# Task to carry out
The answer must be the full listing, word for word, with no pictures in it.

═══ Available data

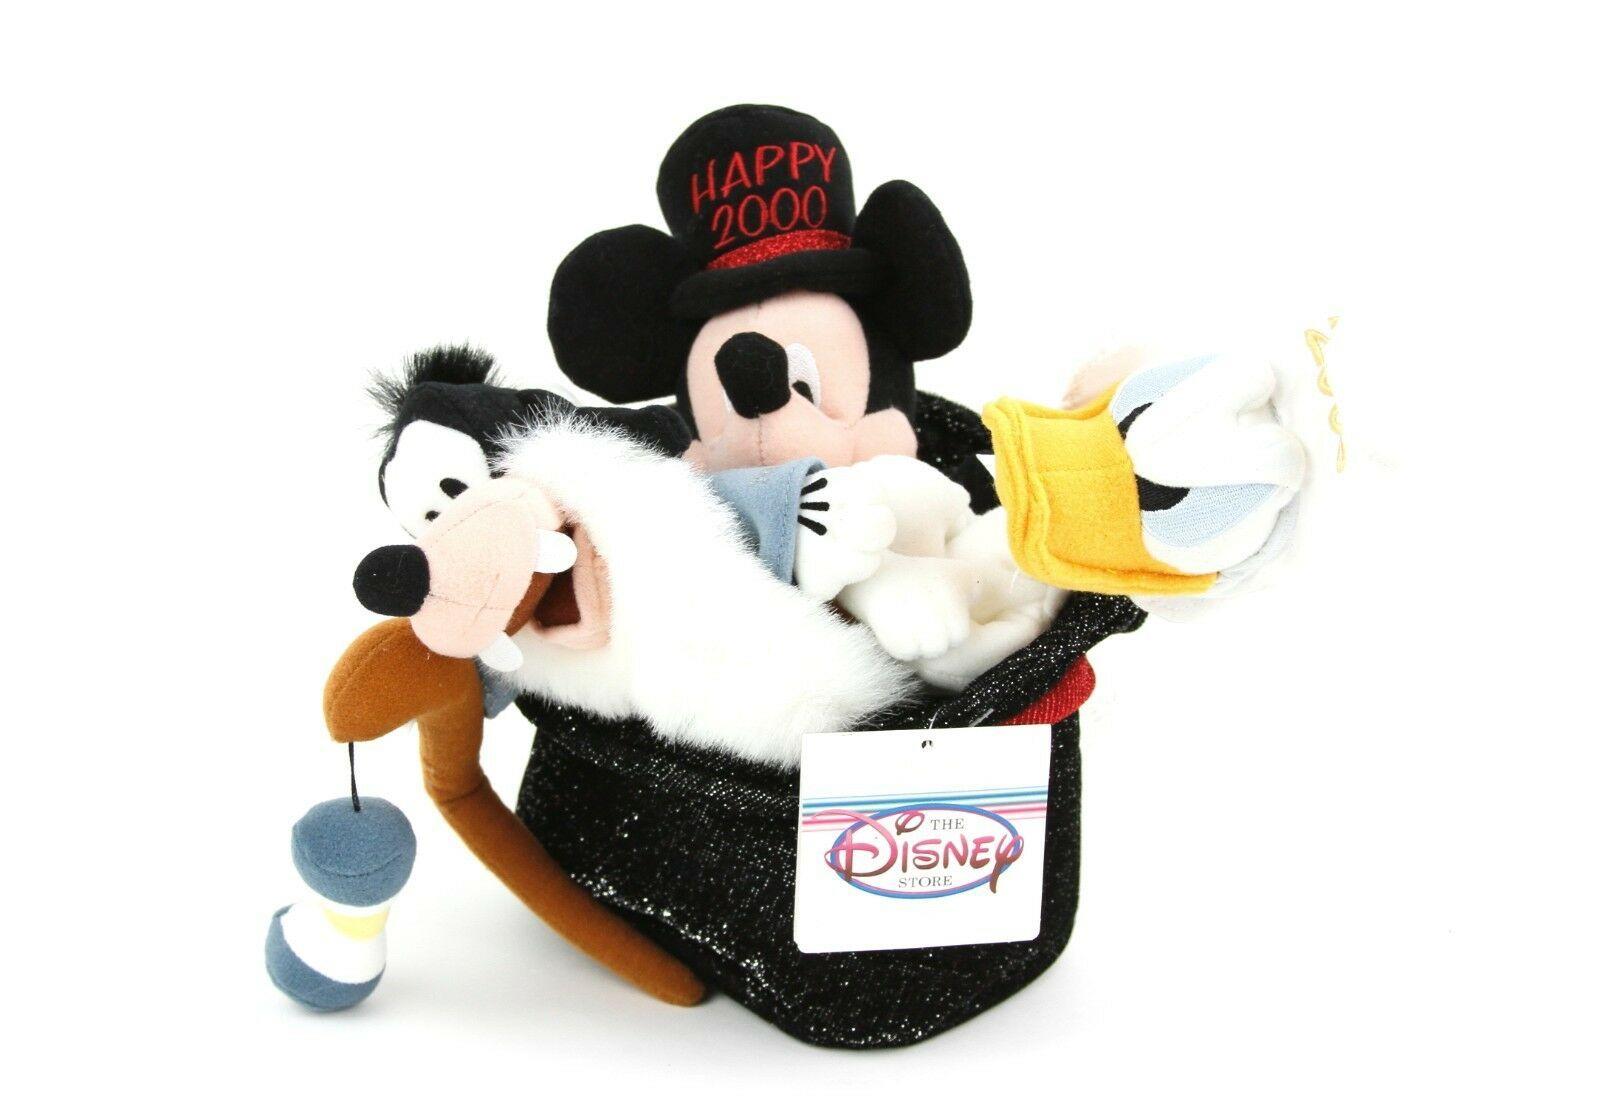 Disney Store 2000 Millennium Bean Bag Set Mickey Mouse Donald Duck Goofy In Hat - $23.33
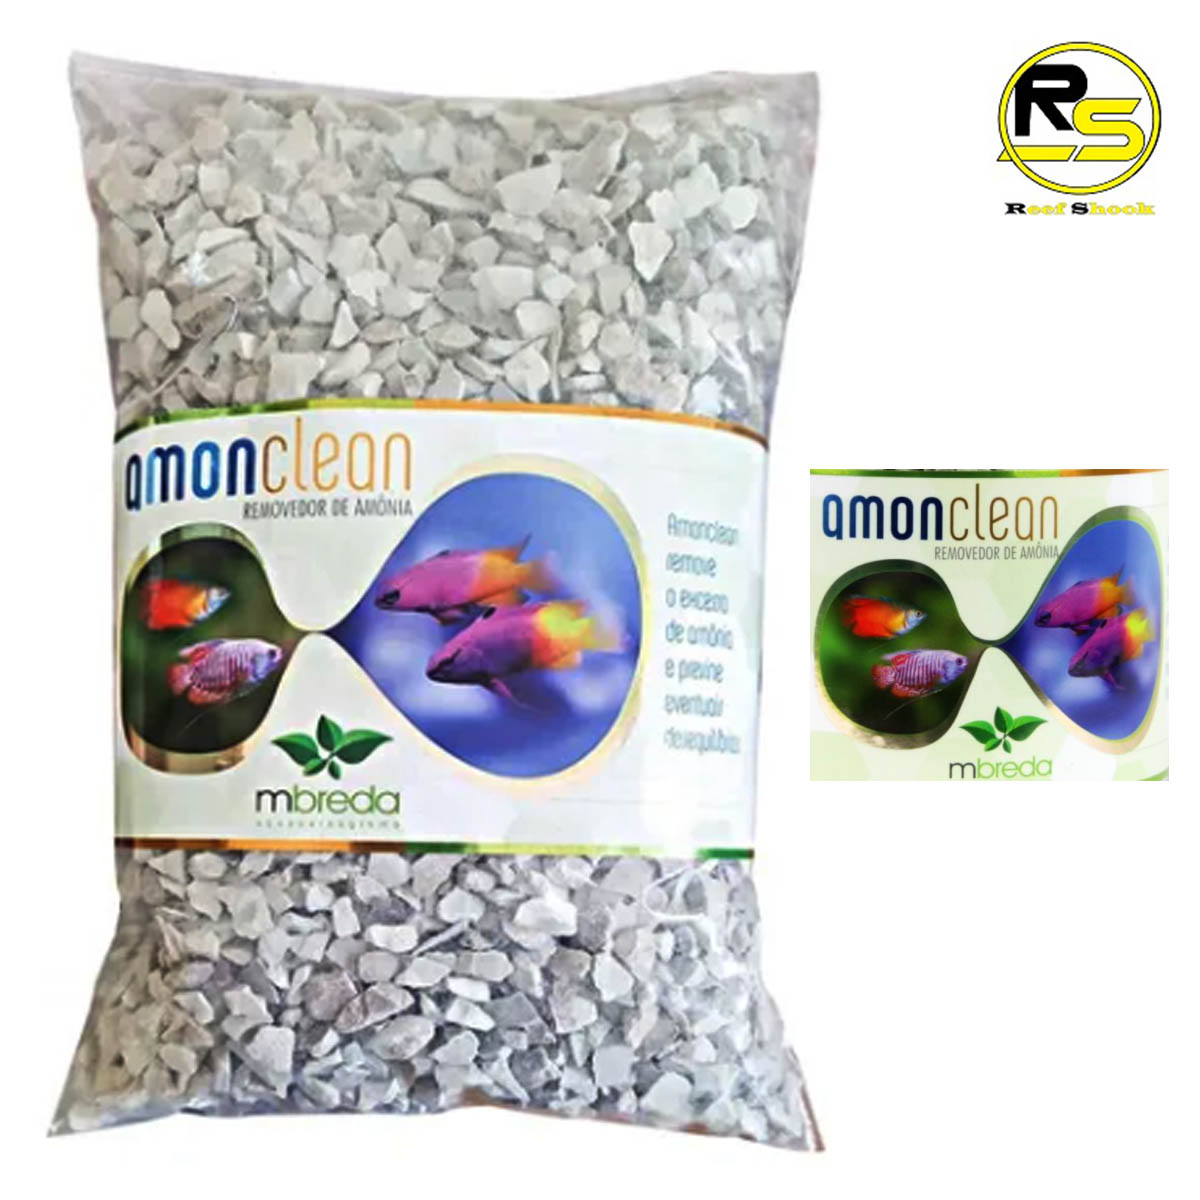 Removedor de Amonia Mbreda Amonclean 1kg Refil
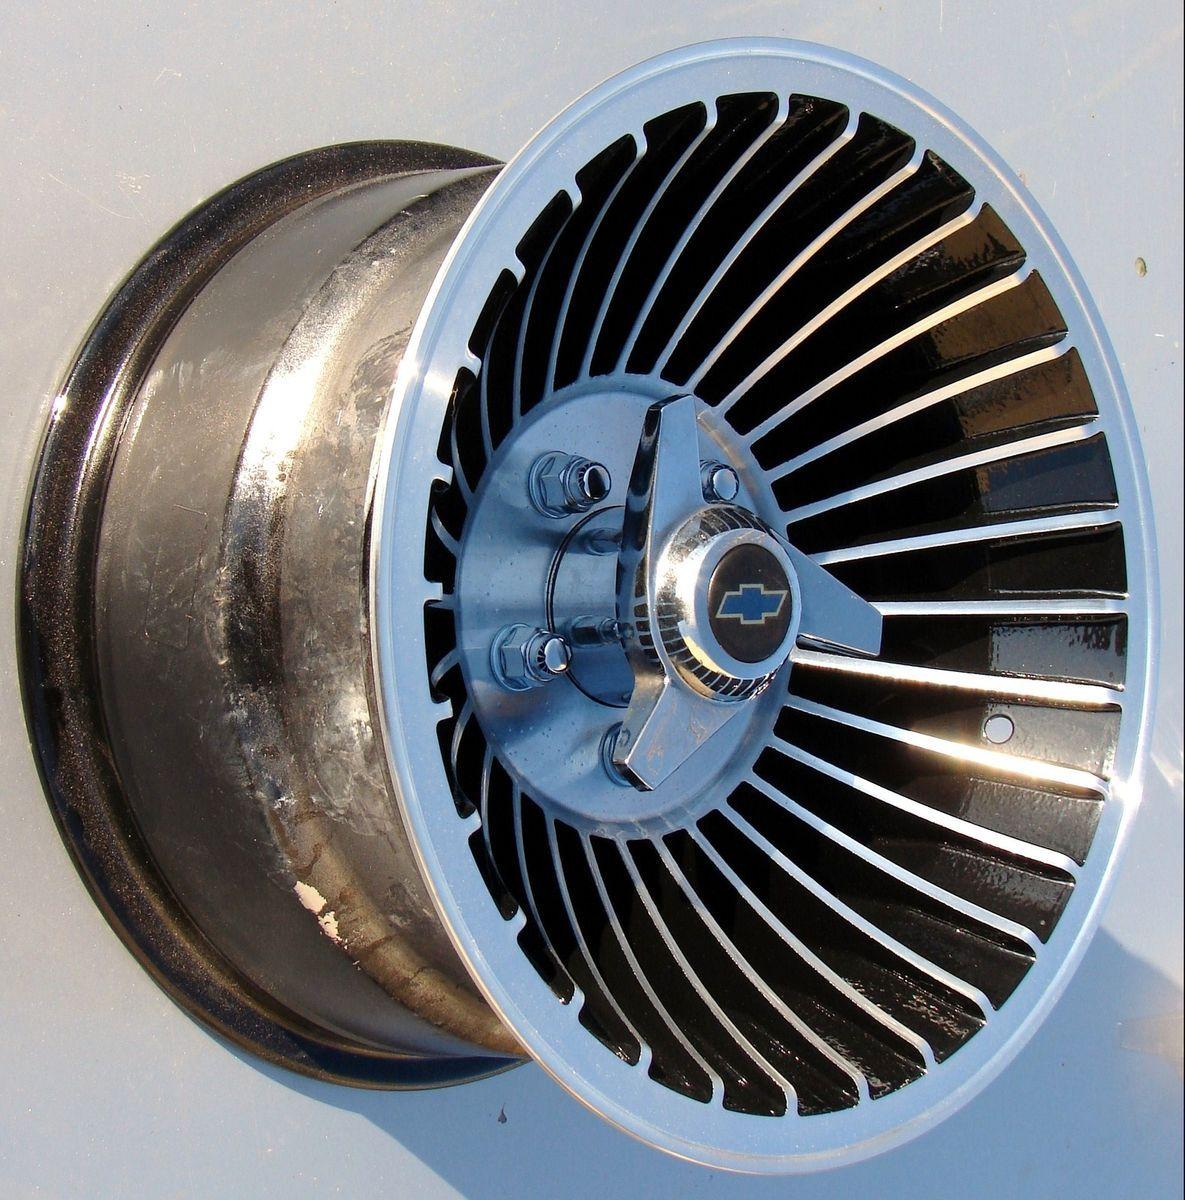 Western Wheels 15X8 5 Cyclone Turbine Wheels Mags Rims 5x5 Chevy Truck

══════

# Result for this task
 Disney Store 2000 Millennium Bean Bag Set Mickey Mouse Donald Duck Goofy In Hat - $23.33
 Removedor de Amonia Mbreda Amonclean 1kg Refil
 Western Wheels 15X8 5 Cyclone Turbine Wheels Mags Rims 5x5 Chevy Truck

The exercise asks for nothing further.